International legal position
Although the Mishra Decision has strengthened the firewall within the Indian legal system to protect against claims from the donors, other countries have other mechanisms available in their legal systems that serve the same purpose, giving paramount importance to the intended parents’ intention. In this regard, for instance, in the UK, a court is compelled to make a mandatory Parental Order following the birth of the child as a means of legally vesting the rights that are initially assumed by the gestational surrogate, who is recognized as such from the onset, and the sperm donor. Equally in a more restrictive US State, the matter is premised on the pre-birth legal assurance, where the intended parents acquire a Pre-Birth Order attesting that the parents’ names are on the birth registration, thus from the onset, disqualifying claims from the surrogate mother and genetic donor. The overriding intention within the law is that which brings together these different systems, which, in their two distinct methods, justify the donor’s waiver with State oversight to forever cut ties with the biological parent, thus making a point that law, as distinct from biology, is paramount in recognizing one as a parent.
Conclusion
The conflict between the precise provisions of the Assisted Reproductive Technology (Regulation) Act, 2021, and the more fluid, general norms of contract law lies, as our examination of donor related cases demonstrates, at the very core of determining parentage. The legal doctrine Lex Specialis which means Special Law Overrides a General Law, provides the appropriate resolution.

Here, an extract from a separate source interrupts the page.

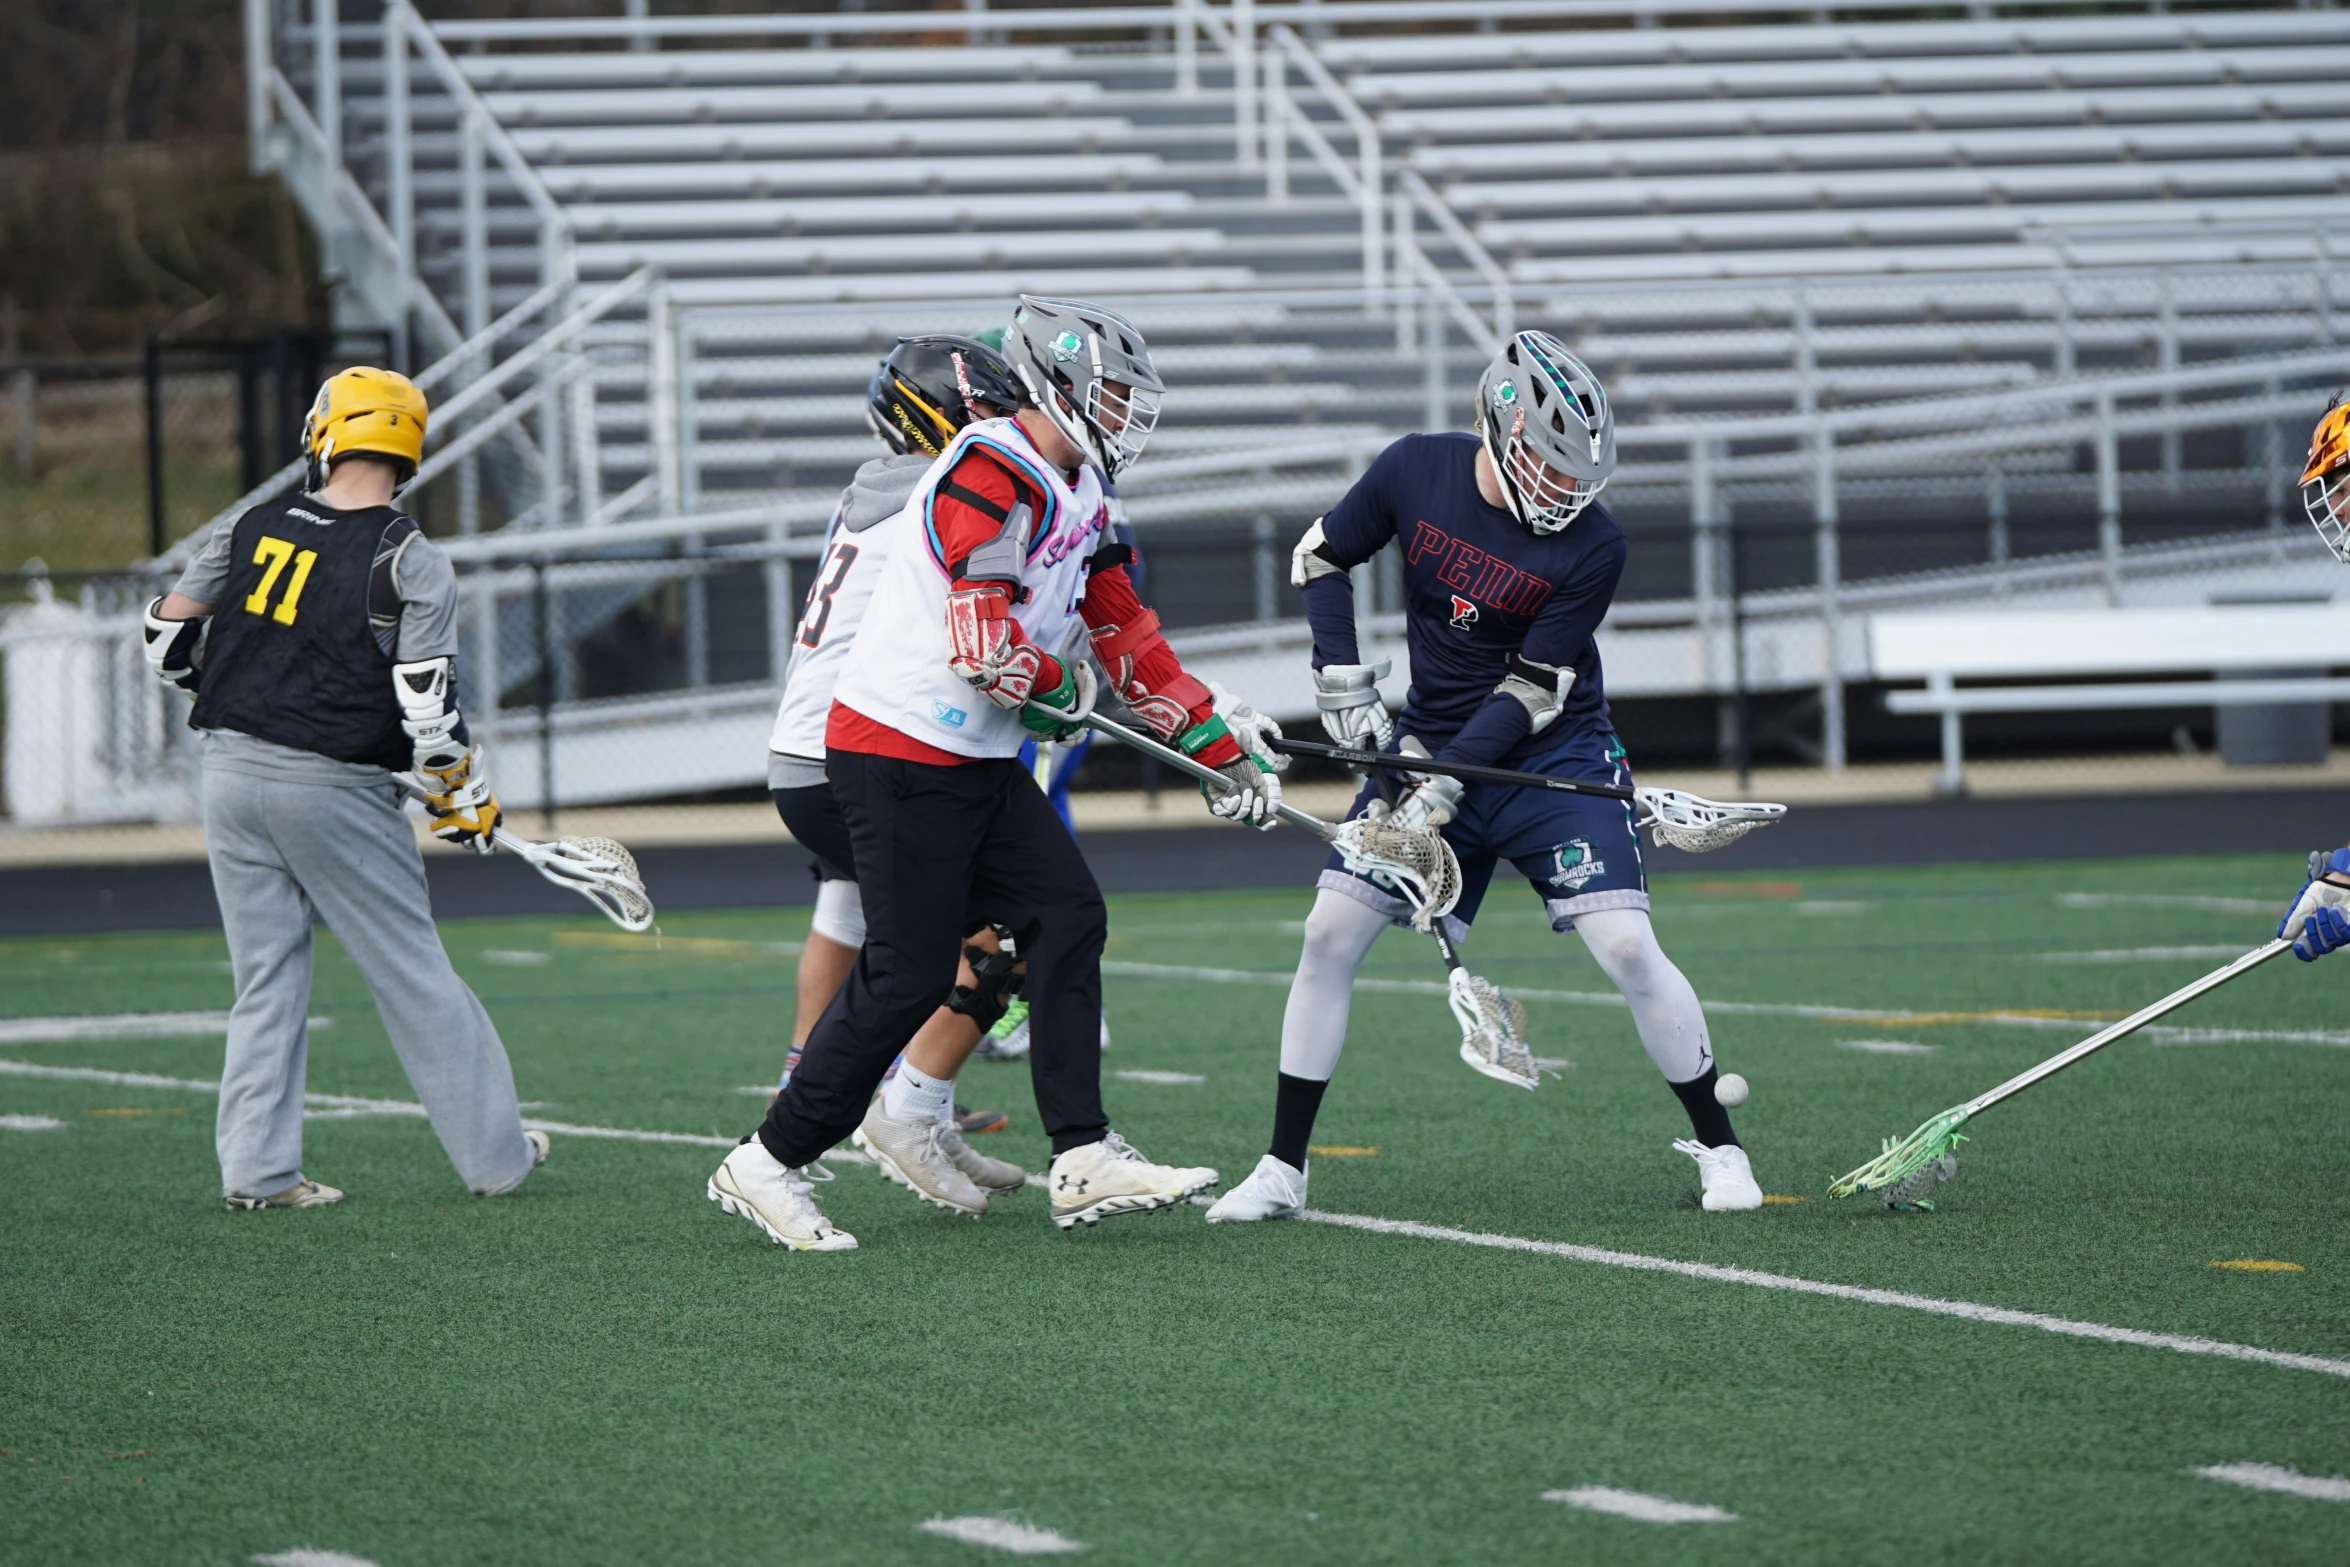 three boys in uniforms play lacrosse on the field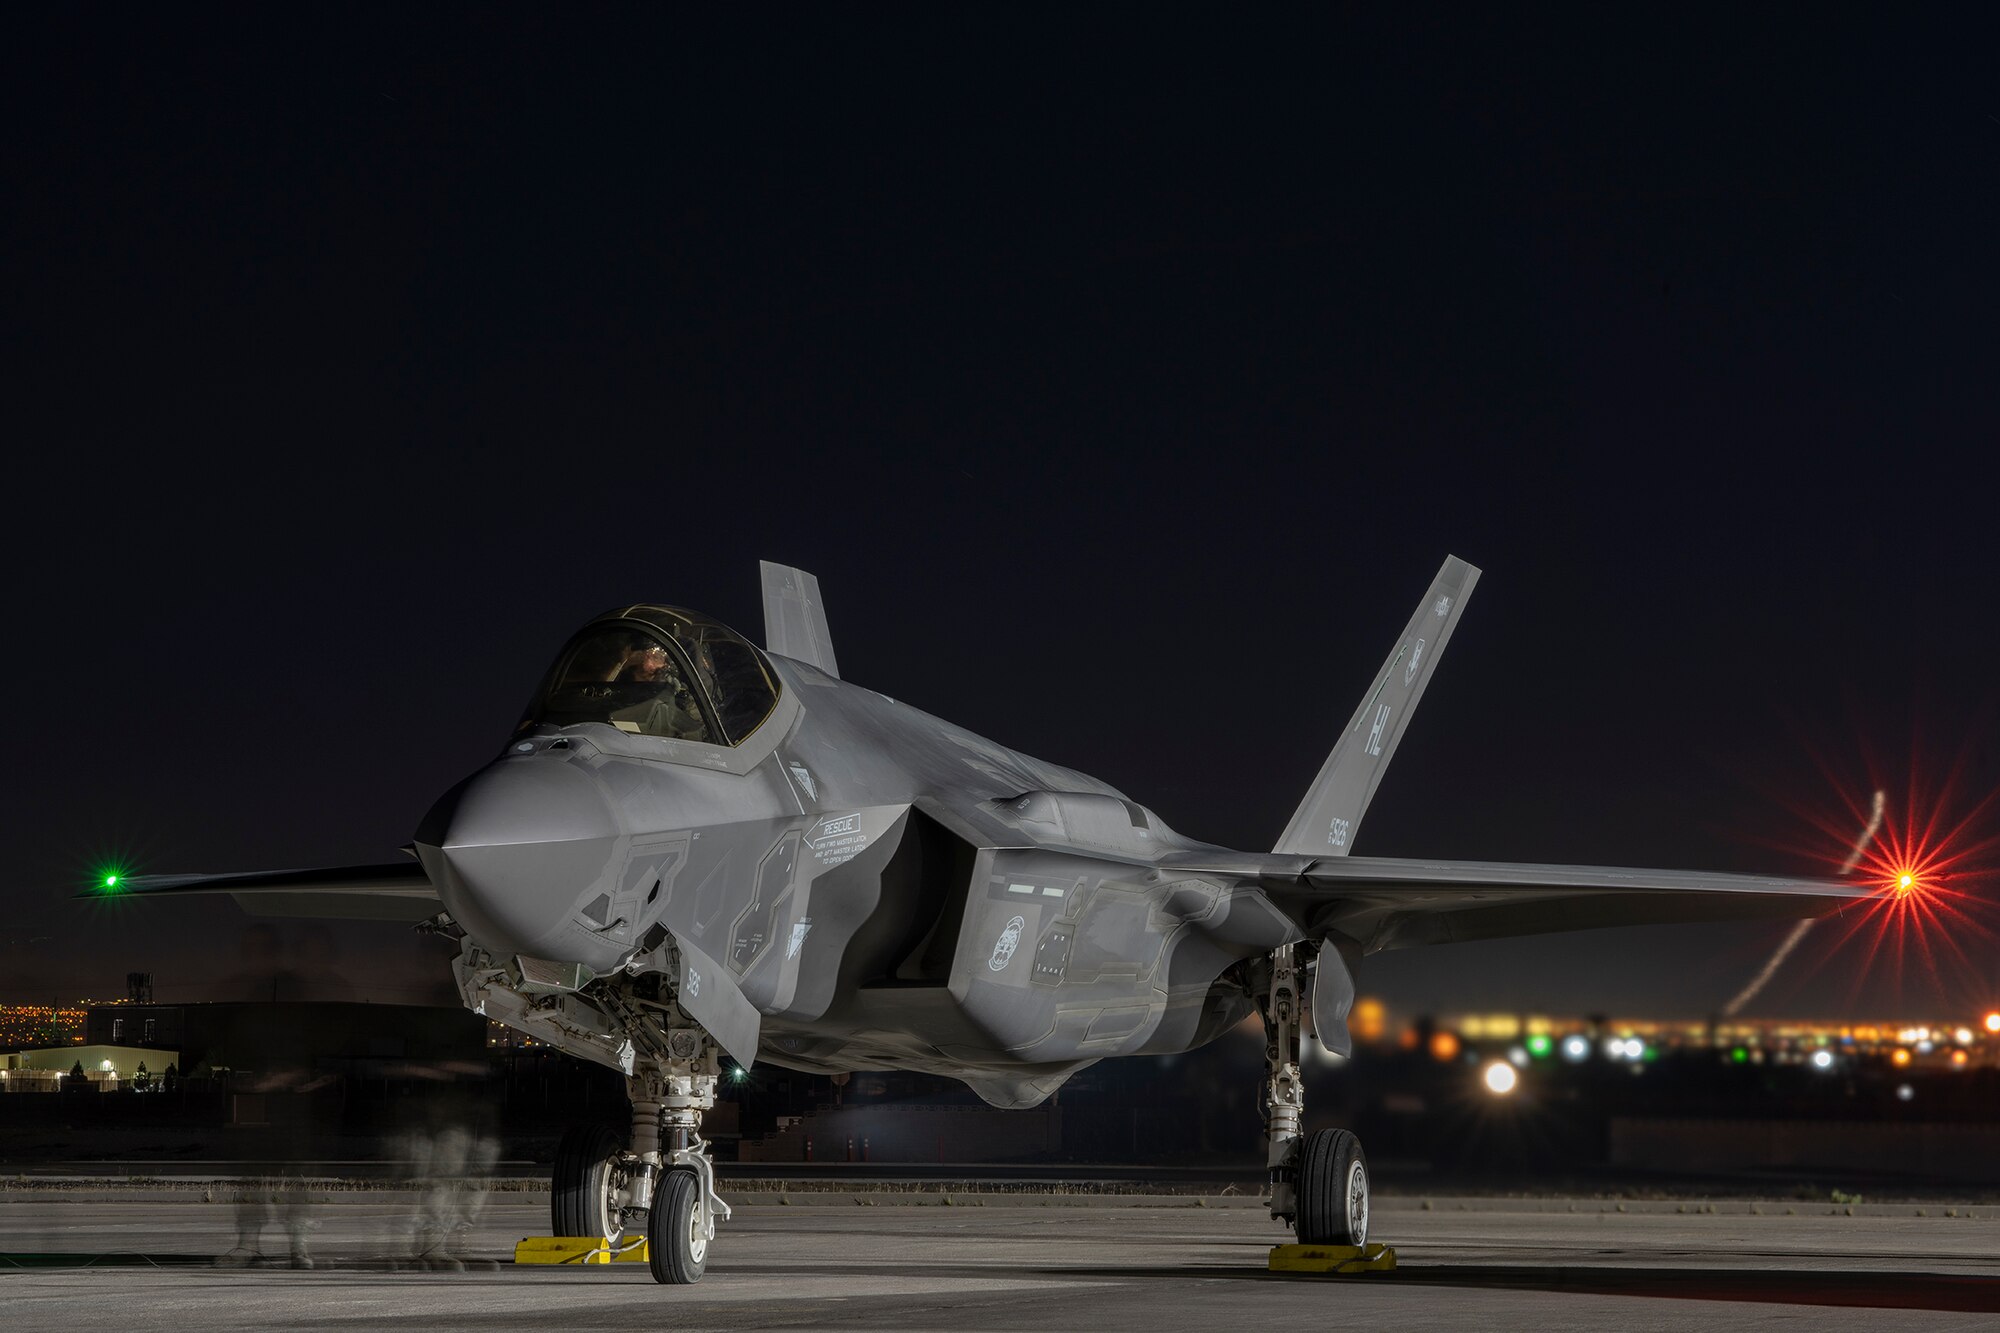 An F-35A Lightning II fighter jet prepares for take-off at night.

In order to govern such a specific sector, the Indian Legislature has deliberately overcome the general provisions of the Indian Contract Act, 1872 by developing the ART Act and the Surrogacy Act as Special Laws.
- The Court overruled the genetic or emotional relationship in Shailja Nitin Mishra on the basis of Lex Specialis by relying on the Special Law, which supersedes the normal law’s potential to recognize the relationship by arguing that the donor has to waive all his/her parental rights in an irrevocable manner. The deed of parentage is still the most significant legal document in that respect.
Therefore, the clear judicial consensus indicates that the ART Act is the highest authority. It prevents the formation of any future genetic claims by clearly defining the terms of intended parenthood and the donor exit option.